Task prompt | The listing below is to be duplicated exactly, with every picture omitted.

Data below |
►
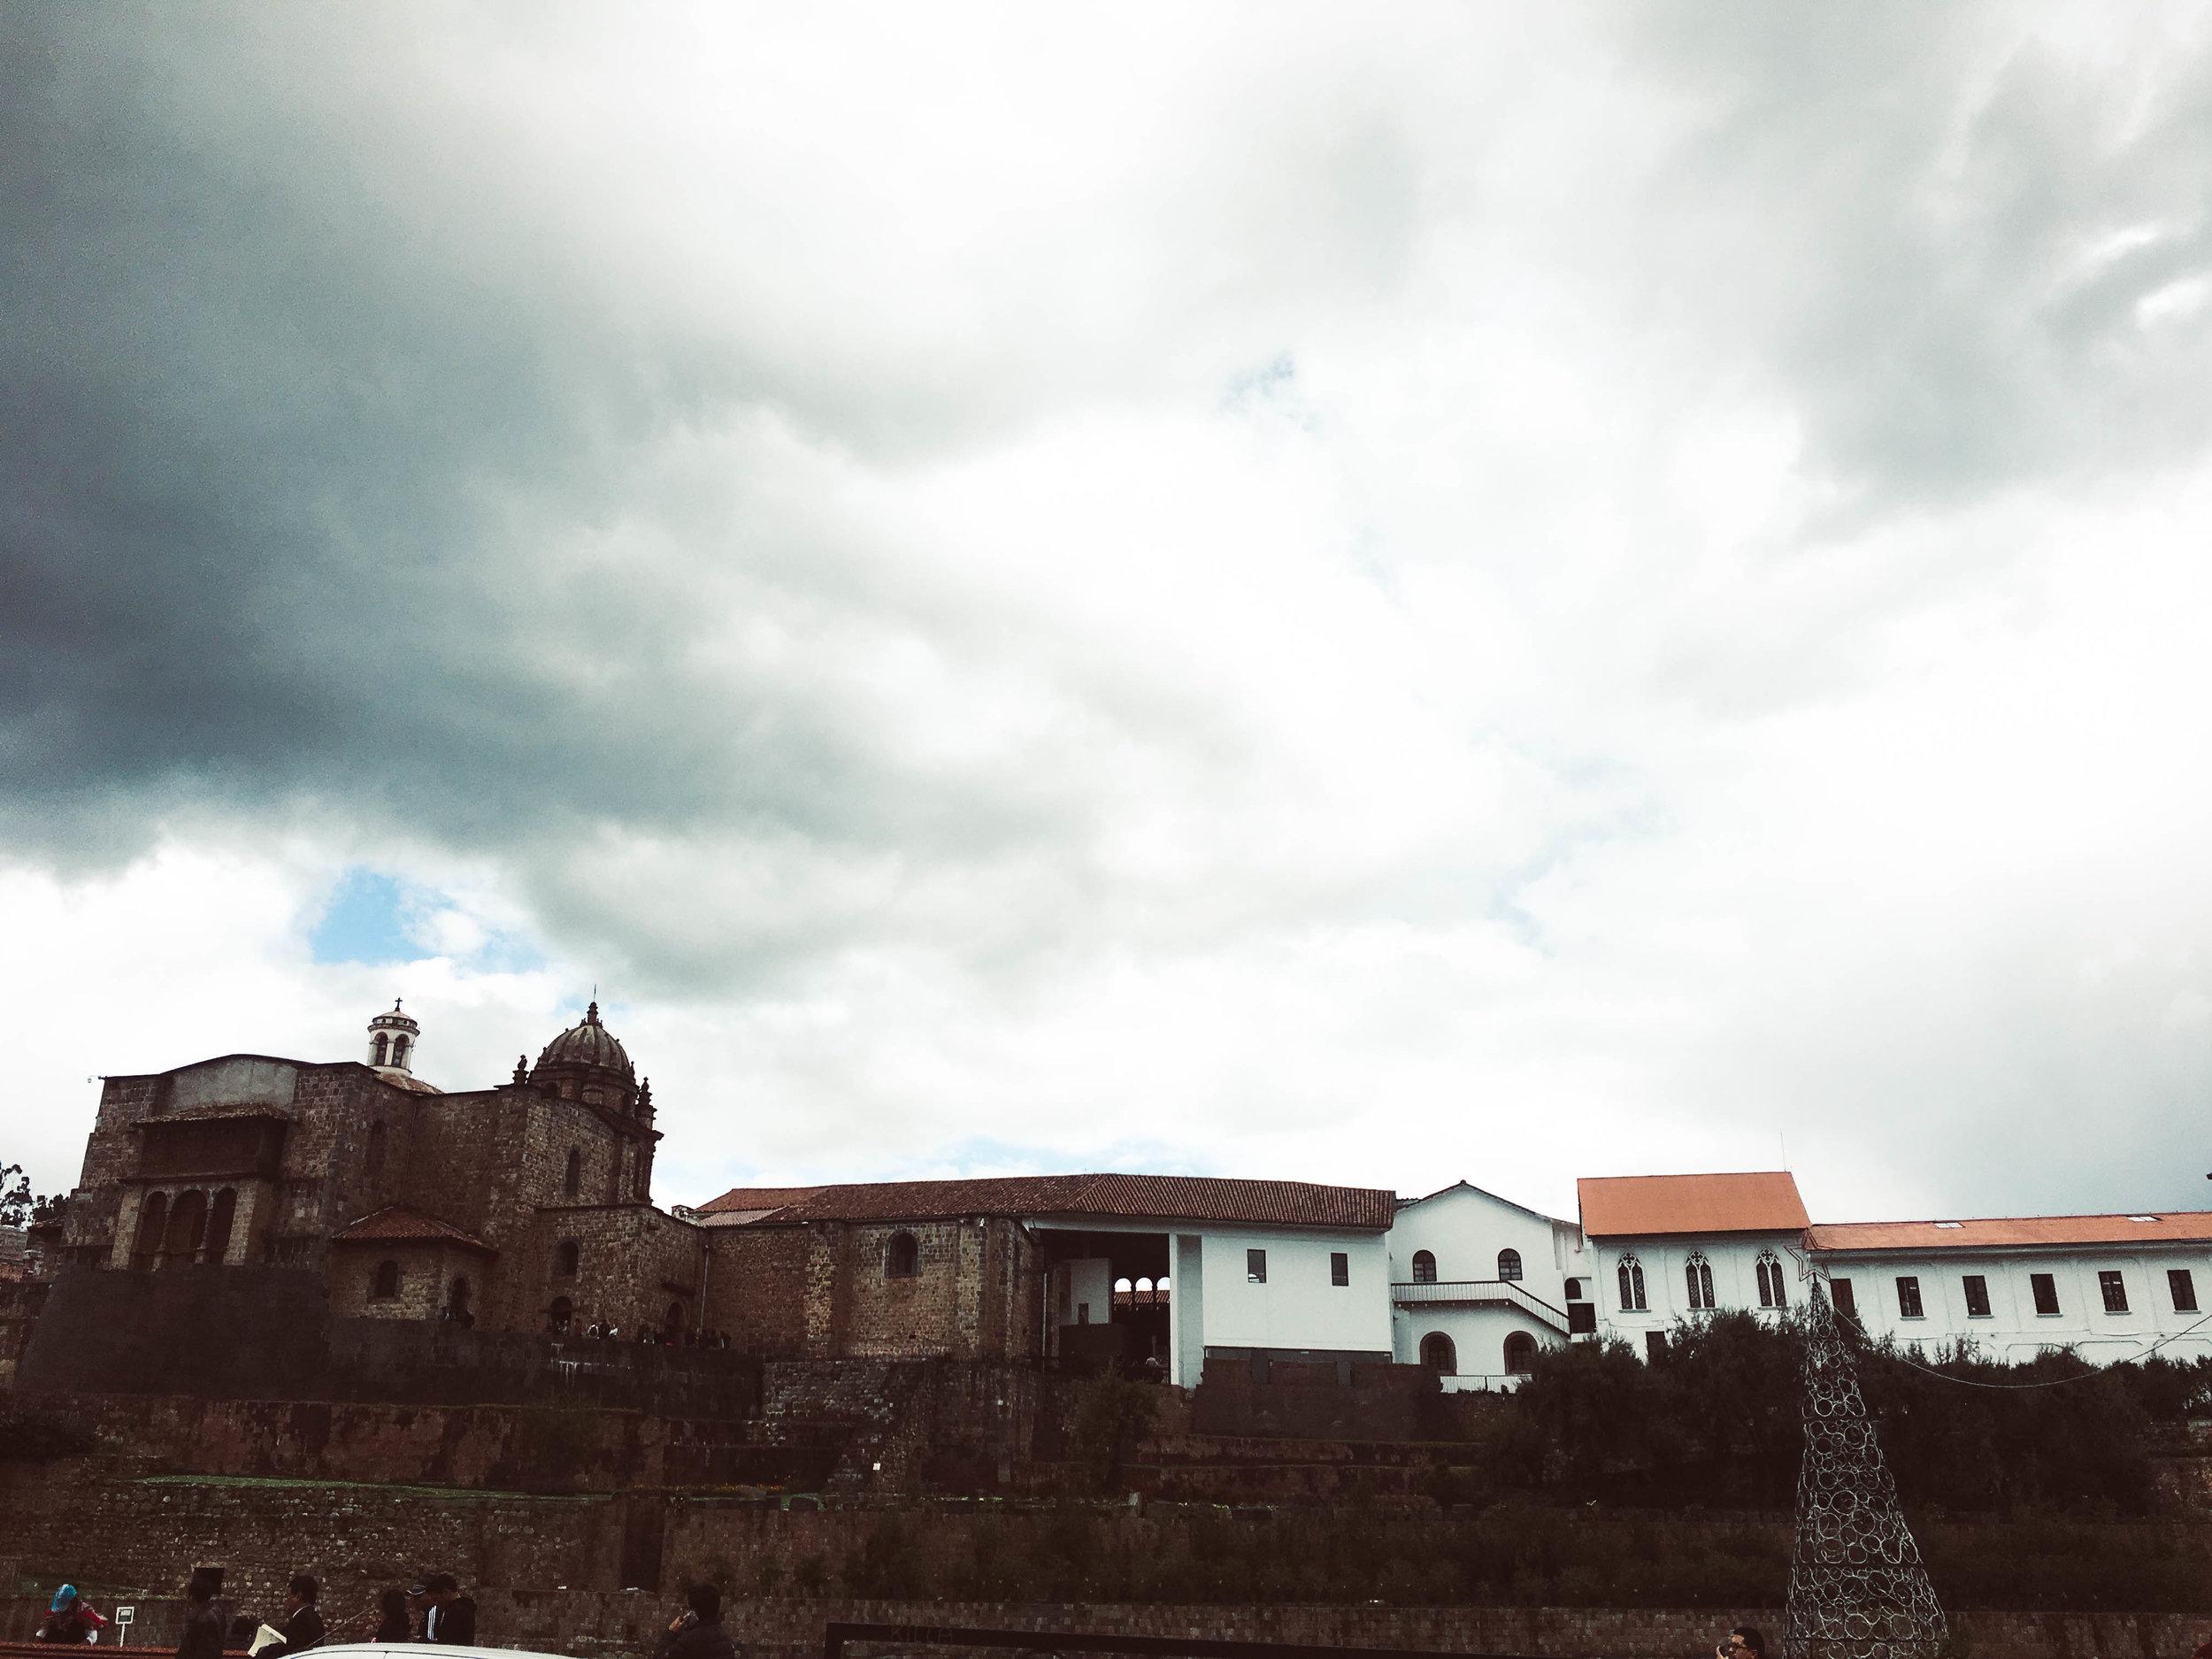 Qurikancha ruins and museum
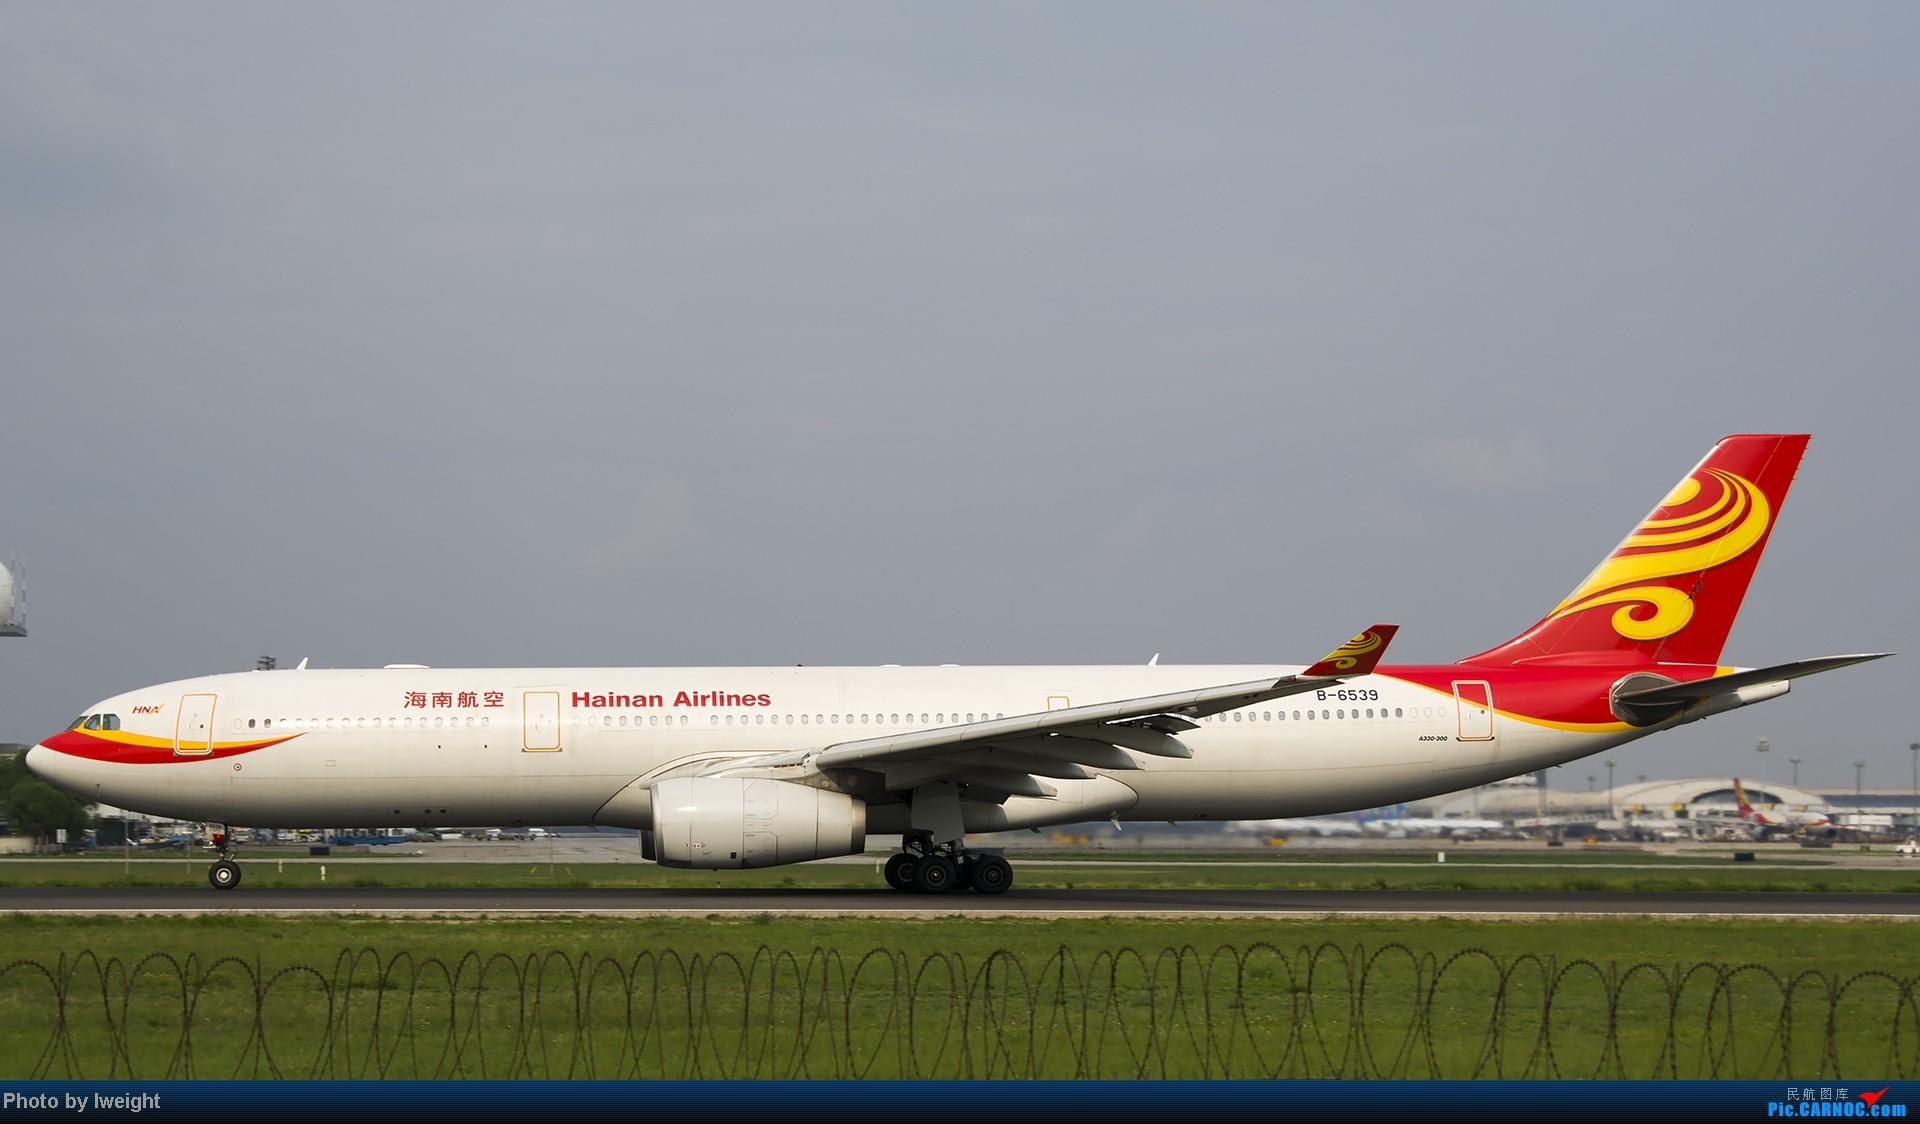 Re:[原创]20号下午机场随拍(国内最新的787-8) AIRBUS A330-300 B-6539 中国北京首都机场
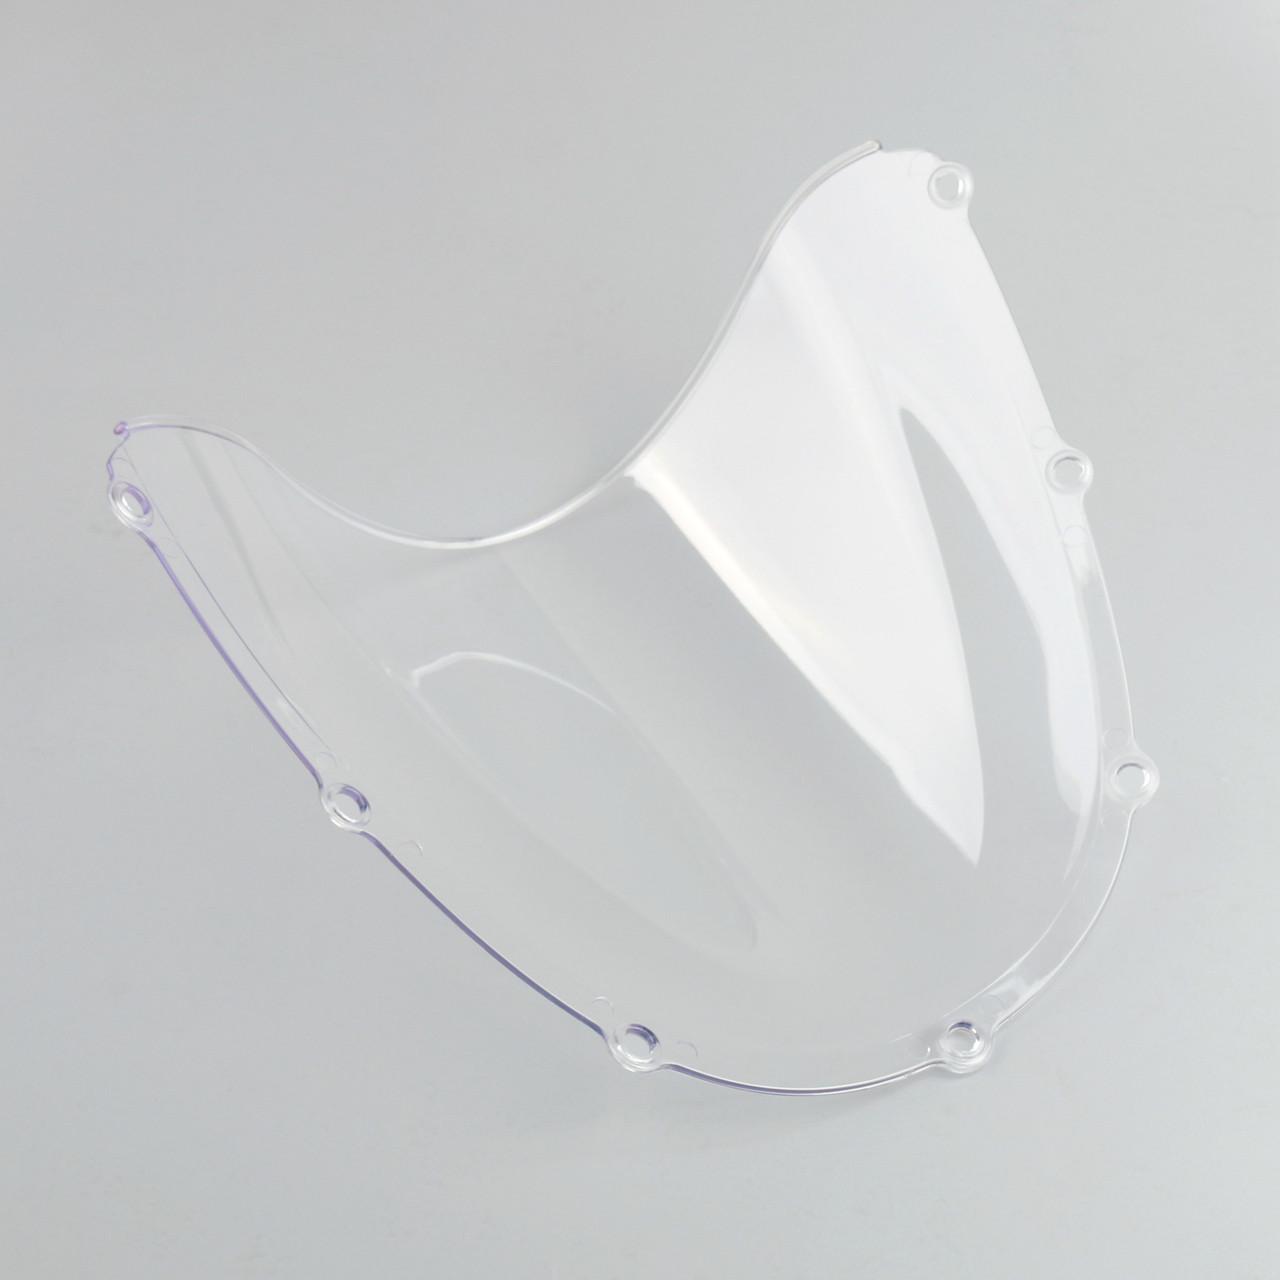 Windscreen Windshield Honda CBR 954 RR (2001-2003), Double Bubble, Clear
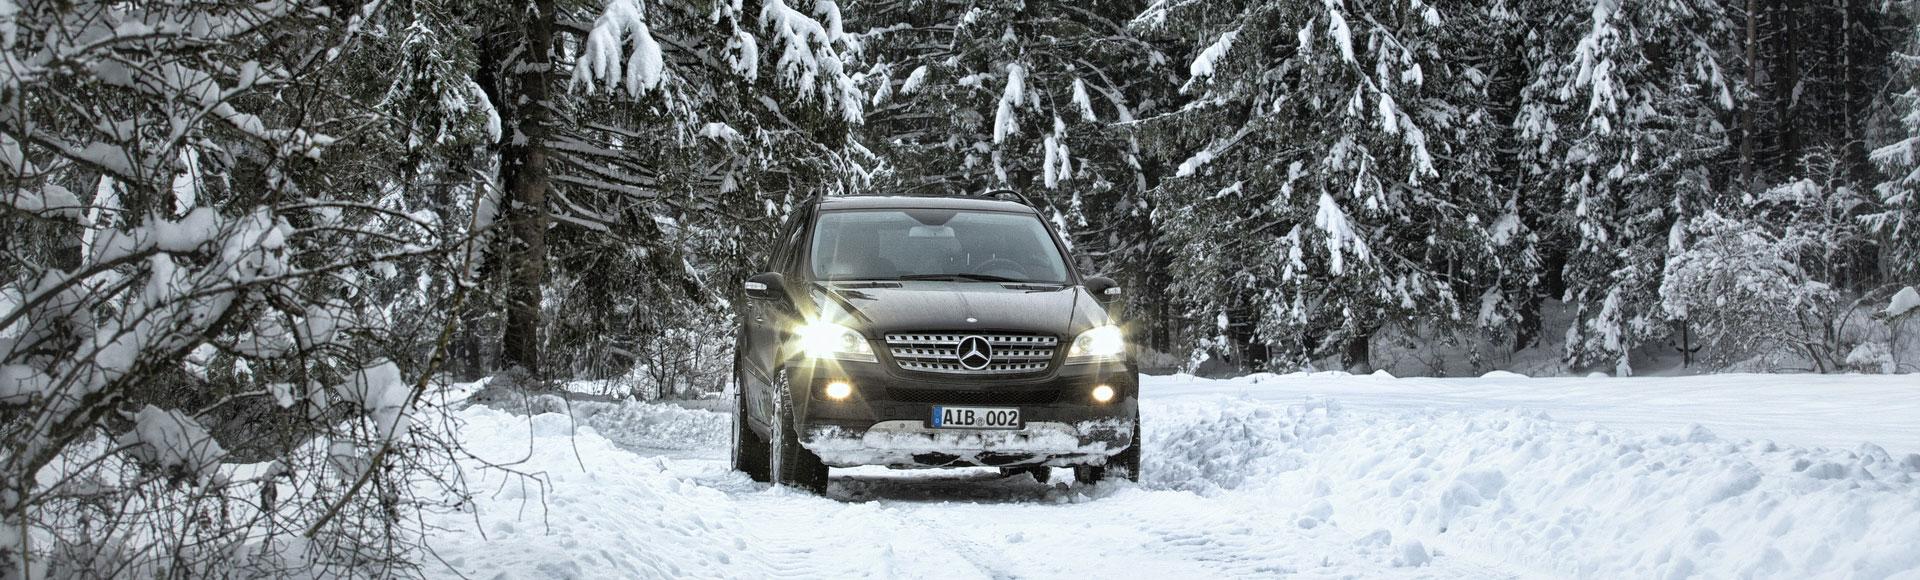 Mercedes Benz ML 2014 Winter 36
◄
Task output |
 Qurikancha ruins and museum
 Re:[原创]20号下午机场随拍(国内最新的787-8) AIRBUS A330-300 B-6539 中国北京首都机场
 Windscreen Windshield Honda CBR 954 RR (2001-2003), Double Bubble, Clear
 Mercedes Benz ML 2014 Winter 36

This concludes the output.